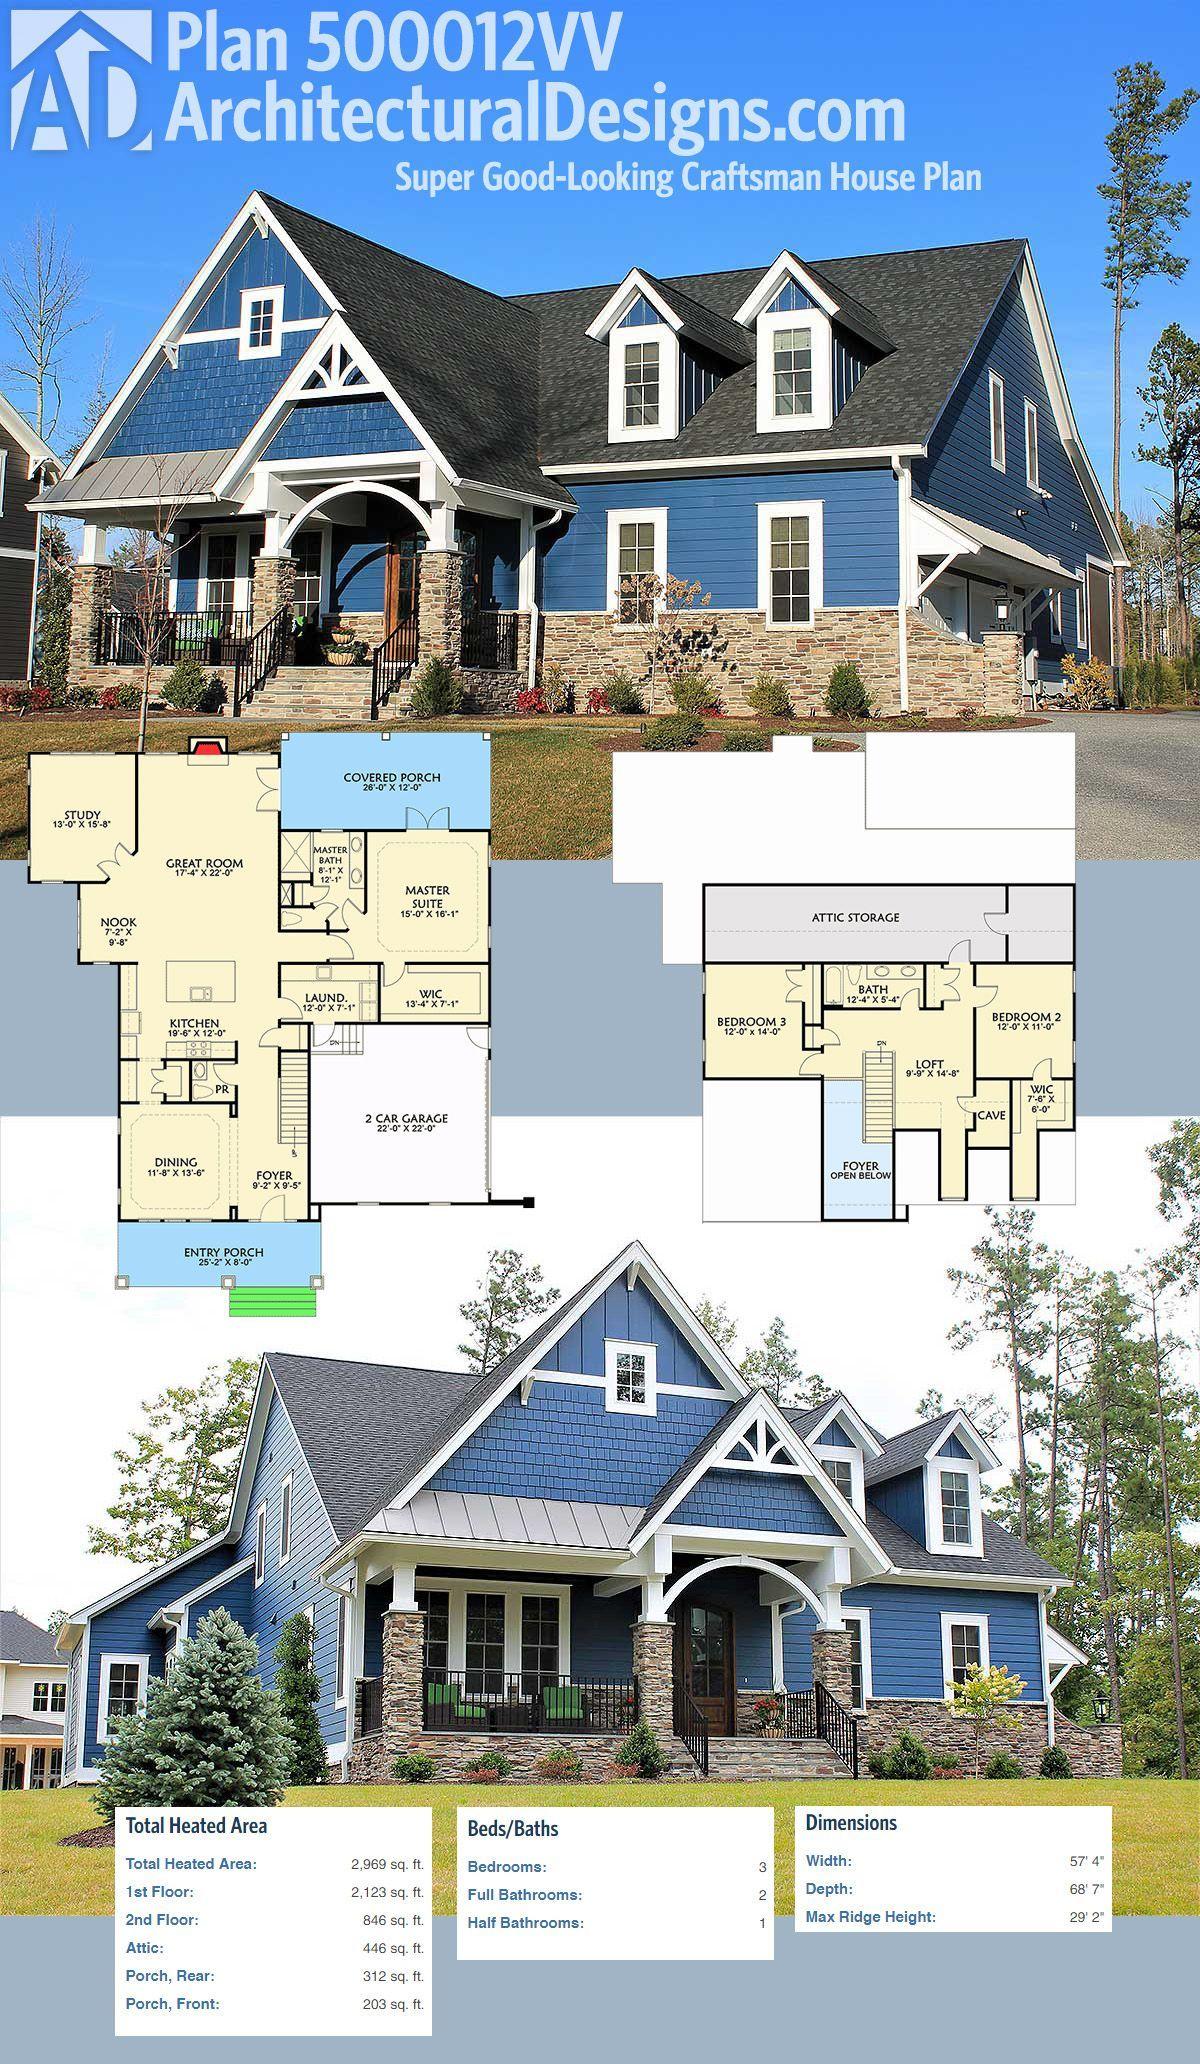 Architectural Designs Super Good Looking Craftsman House Plan
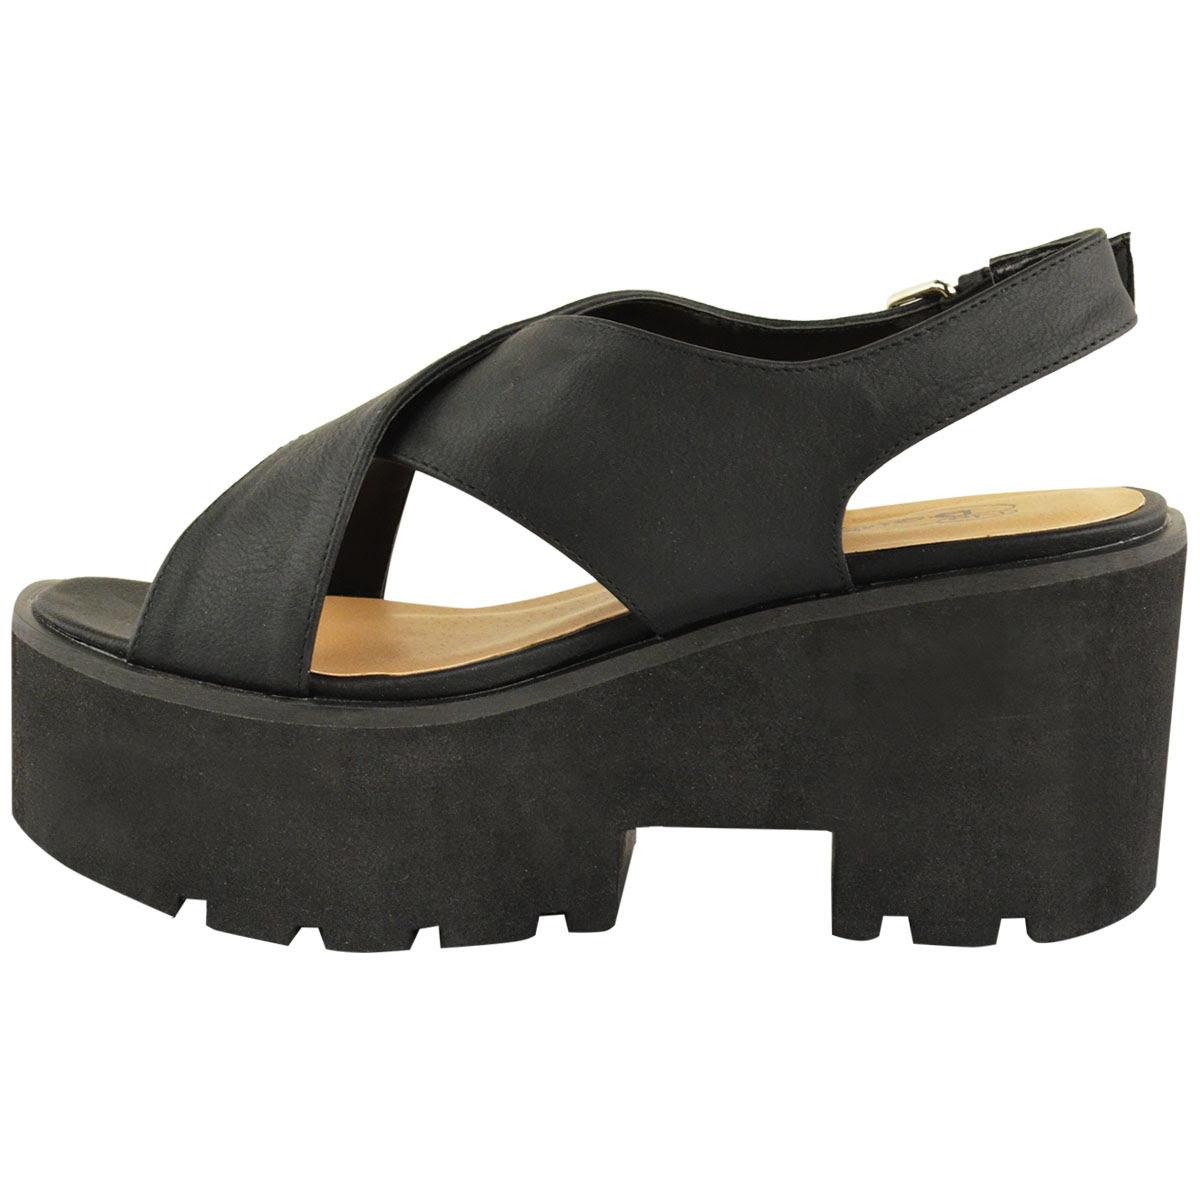 Womens platform sandals - 28 images - womens dolcis slip
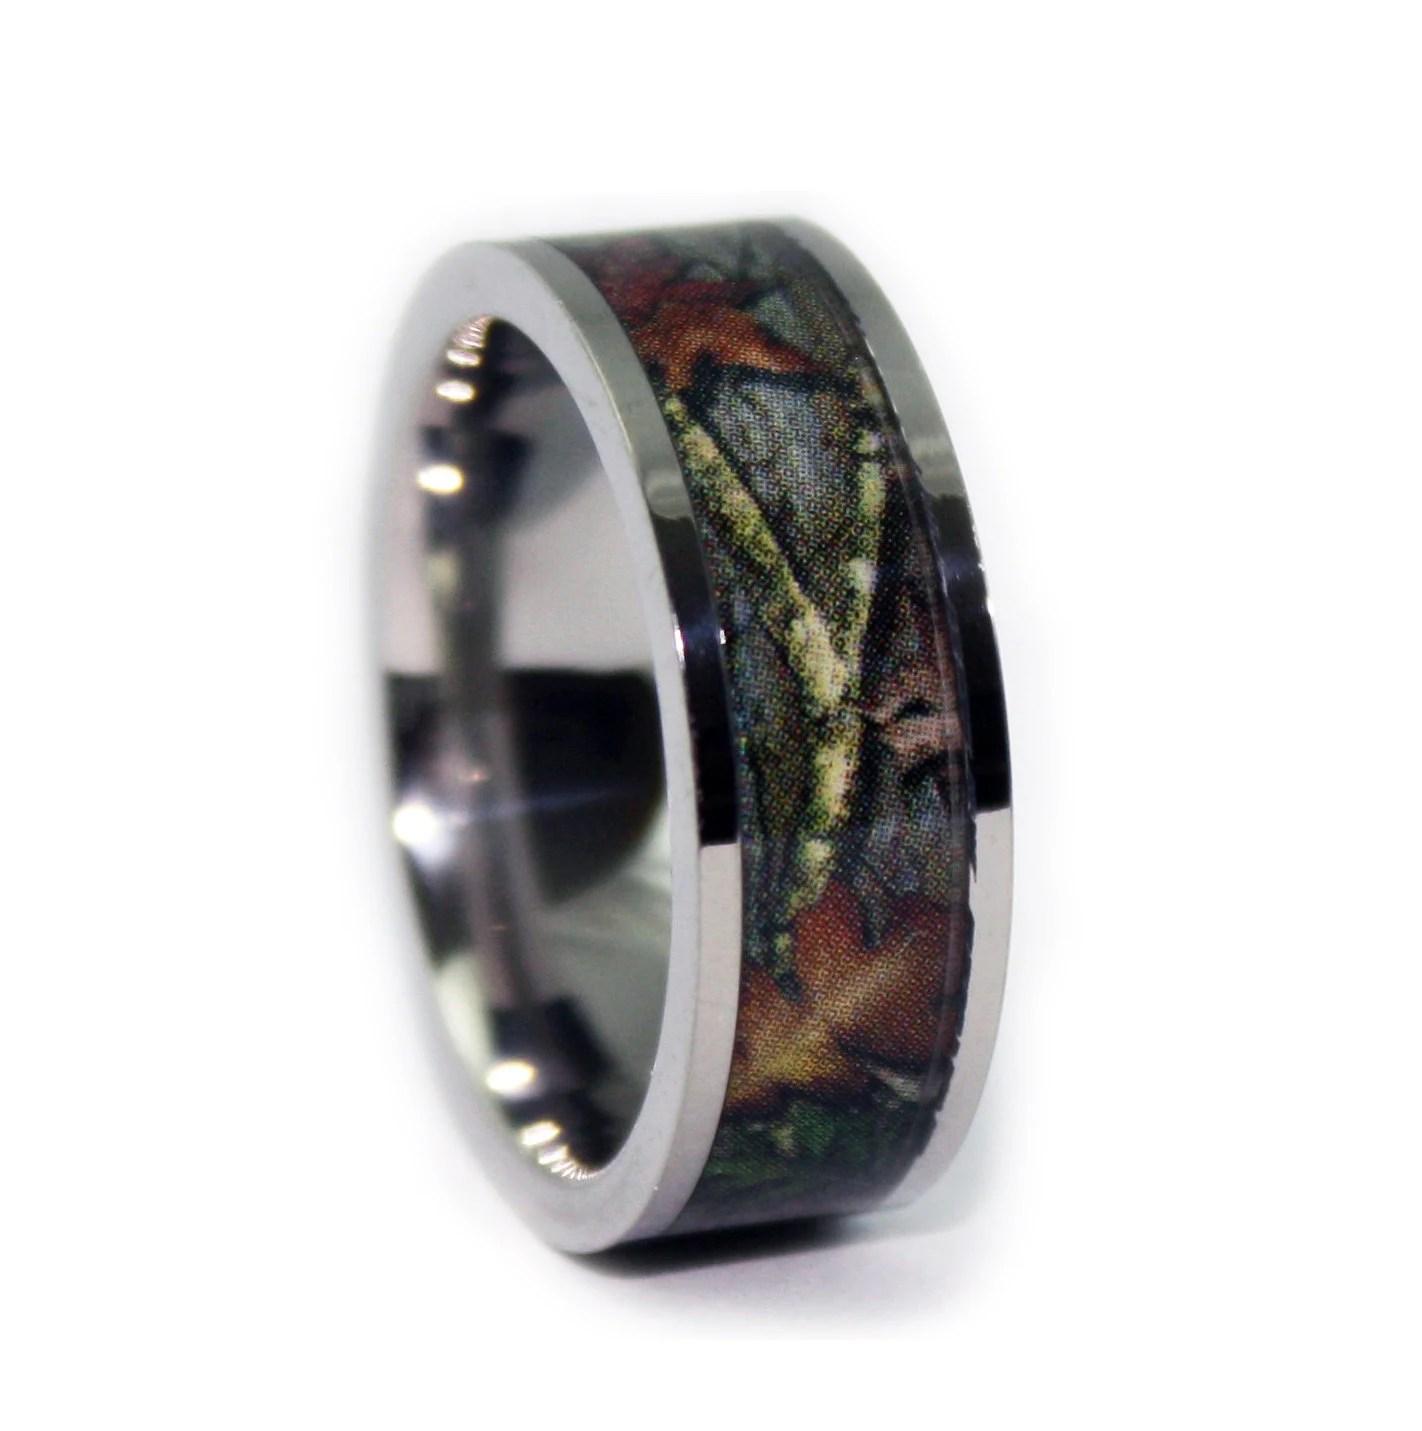 camo wedding rings deer wedding bands Camo Wedding Rings by ONE CAMO Flat Titanium Mens Wedding Band Camo Engagement Rings

## ACTION ITEM
Starting from the line that has "Womens platform sandals" and ending at the last line of the material above, every line should be output exactly; pictures are dropped and nothing else appears.

## RESPONSE TO THIS TASK
 Womens platform sandals - 28 images - womens dolcis slip
 camo wedding rings deer wedding bands Camo Wedding Rings by ONE CAMO Flat Titanium Mens Wedding Band Camo Engagement Rings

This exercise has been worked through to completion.